In general, it can be said that the implementation of materiality, stakeholder engagement, and corporate governance in sustainability reporting does not help companies produce quality reports. SR’s popularity and regulatory pressures lead to high demand from investors and various stakeholder groups, so companies focus on improving SR restraint indicators rather than the quality of SR information. It was found that disclosure of stakeholder engagement and corporate governance fail to improve SR quality. This indicates that communication between stakeholders and the company needs to be more transparent, and the corporate governance mechanism needs to be oriented toward sustainability. Therefore, it can be said that sustainability disclosure practices in Indonesia tend to be symbolic.

The authors realize that research has some limitations. First, it selects companies that use GRI Standard (2016) as a reporting framework so that the sample in this study is limited in number. Second, this research analysis scheme uses disclosure themes in the GRI Standards, especially for specific disclosures on social and environmental aspects. Third, the material information, stakeholder engagement, and corporate governance and corporate governance are based on general disclosure. It is possible that companies may disclose more detailed information on SR disclosures that are not included in the disclosure scheme in this study. Fourth, this research period was carried out in the early stages of implementing the GRI Standard so that different levels of disclosure could also be influenced by differences in management’s ability levels and perceptions in the sustainability reporting process.

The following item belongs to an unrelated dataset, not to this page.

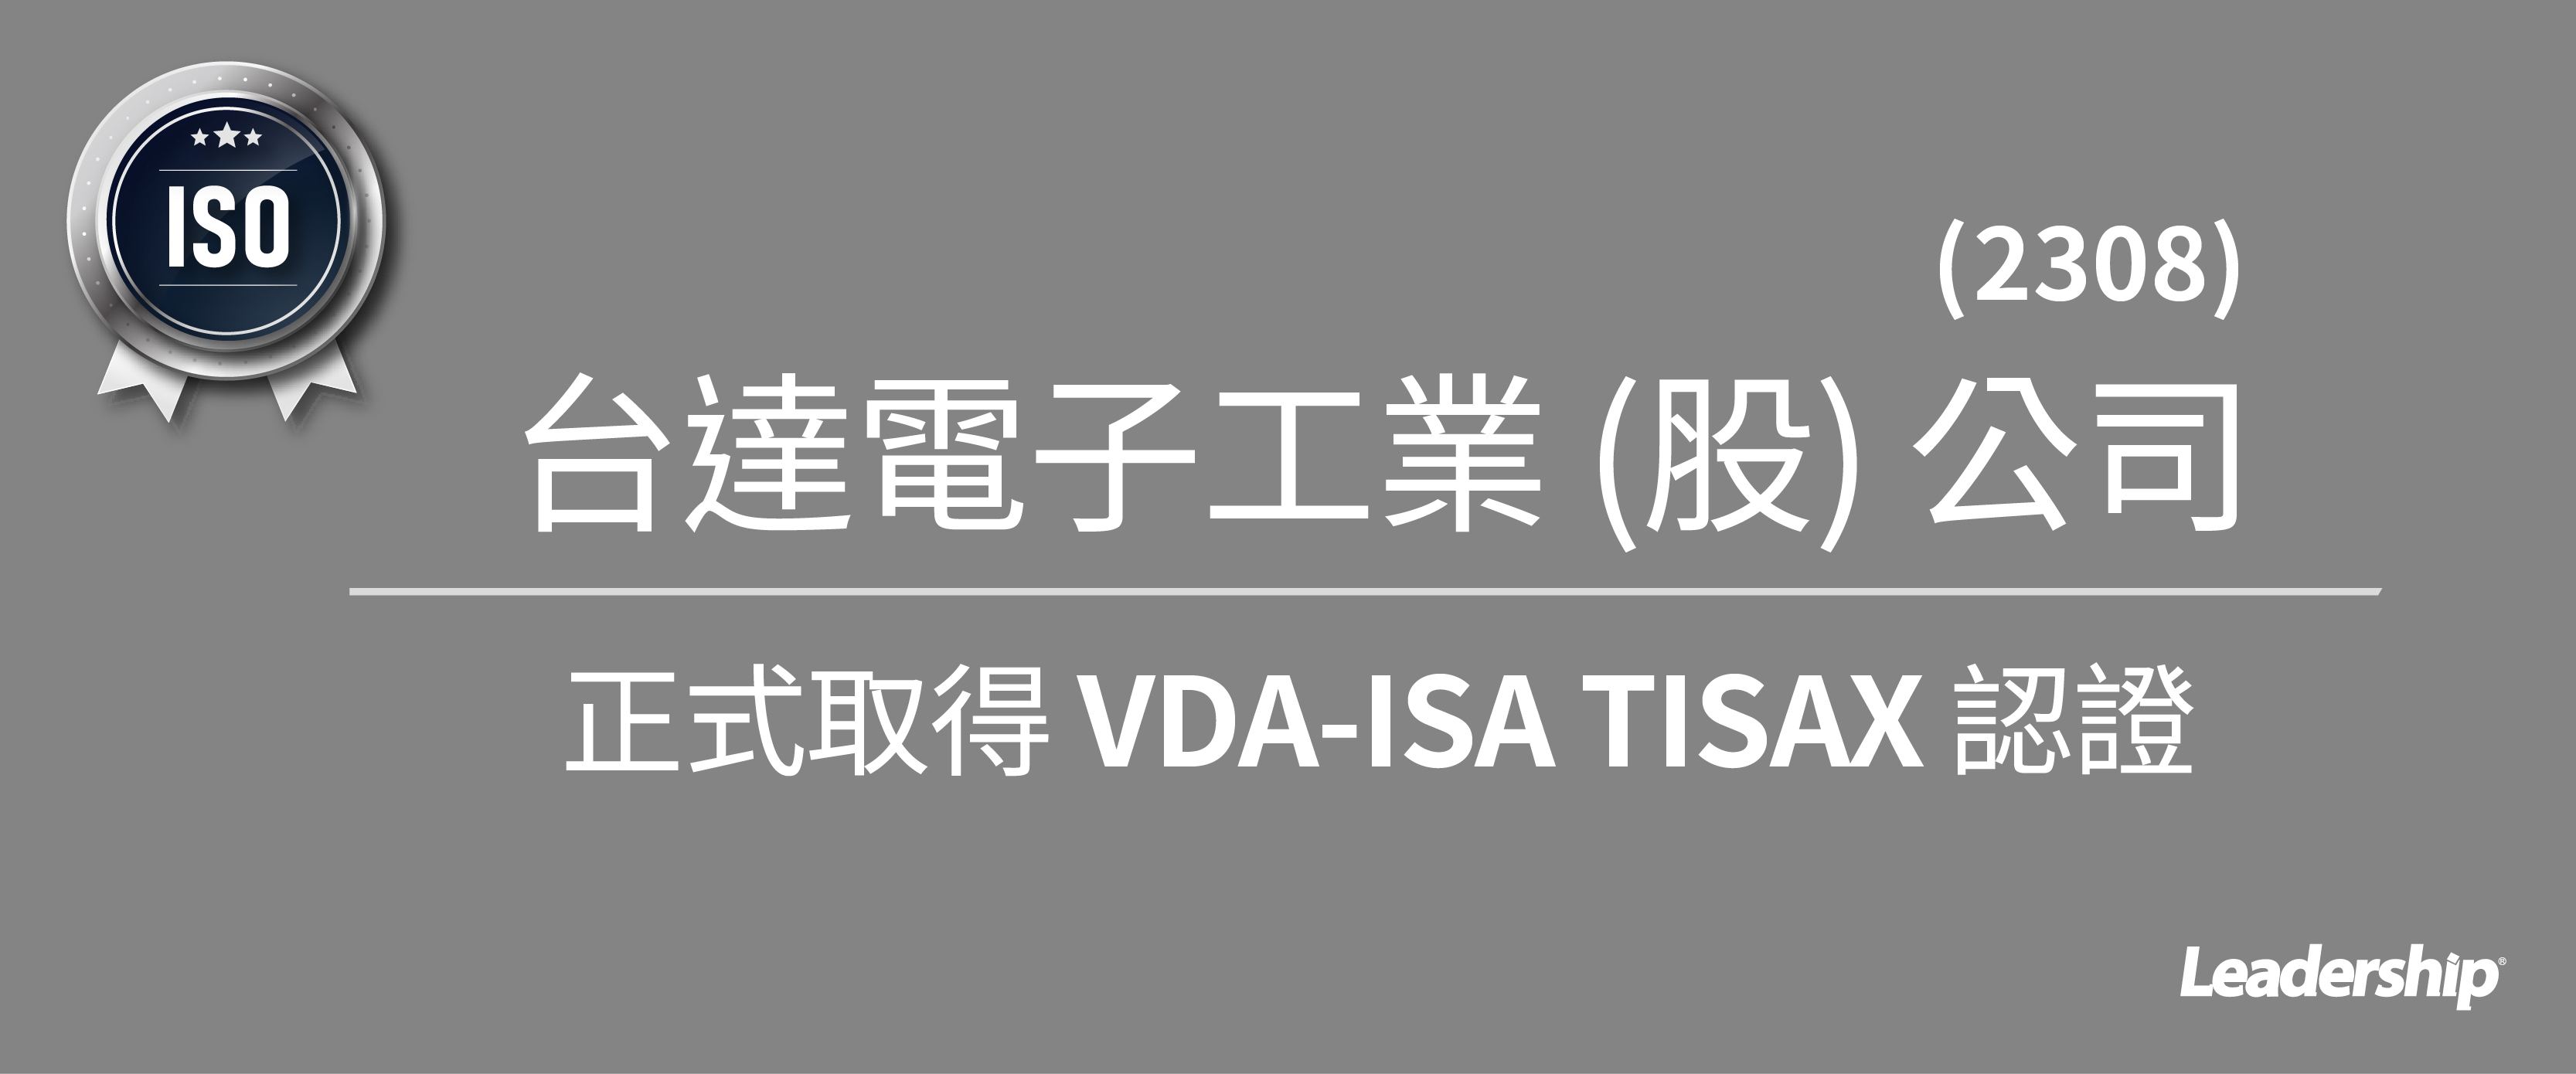 台達電子 (股) 公司 (2308) 正式取得 TISAX 認證

Future research could analyze the quality of SR in various sectors or industries because the characteristics company (e.g., type of industry) will affect the level of disclosure and impact SR quality. Future research could also carry out the same analysis by adding economic aspects as the theme of sustainability disclosure analysis. This will give different results because it will affect the amount of information relevant to sustainability. Another opportunity would be to increase the research period to obtain evidence on better disclosure practices, considering that the level of awareness of companies and stakeholders is increasing toward sustainability.

This research suggests that companies improve SR quality to increase stakeholder confidence about the company’s sustainability commitments. The application of materiality and stakeholder principles must be re-evaluated to strengthen its role in producing high-quality reporting. Implementation of sustainability-oriented corporate governance, such as the existence of a CSR committee, is also essential to ensure management’s commitment to stakeholders. The results of this study can also be used as a consideration for regulators to develop standardization of sustainability reporting in Indonesia to make it easier to carry out an objective assessment of the quality of sustainability reporting.

Acknowledgements

This research was funded by Indonesian Education scholarships (BPI) With Indonesian Endowment Fund for Education/Lembaga Pengelola Dana Pendidikan (LPDP).

Disclosure statement

No potential conflict of interest was reported by the author(s).

Additional information

Funding

The authors received no direct funding for this research.

Notes

1. The researchers have examined the necessary assumptions such as multicollinearity tests. The multicollinearity assumption test results are fulfilled with each independent variable with a VIF value of less than 10, which means that there is no strong correlation between the independent variables. In addition, this study has also treated all scale values with a logarithmic transformation to achieve a normal distribution of values.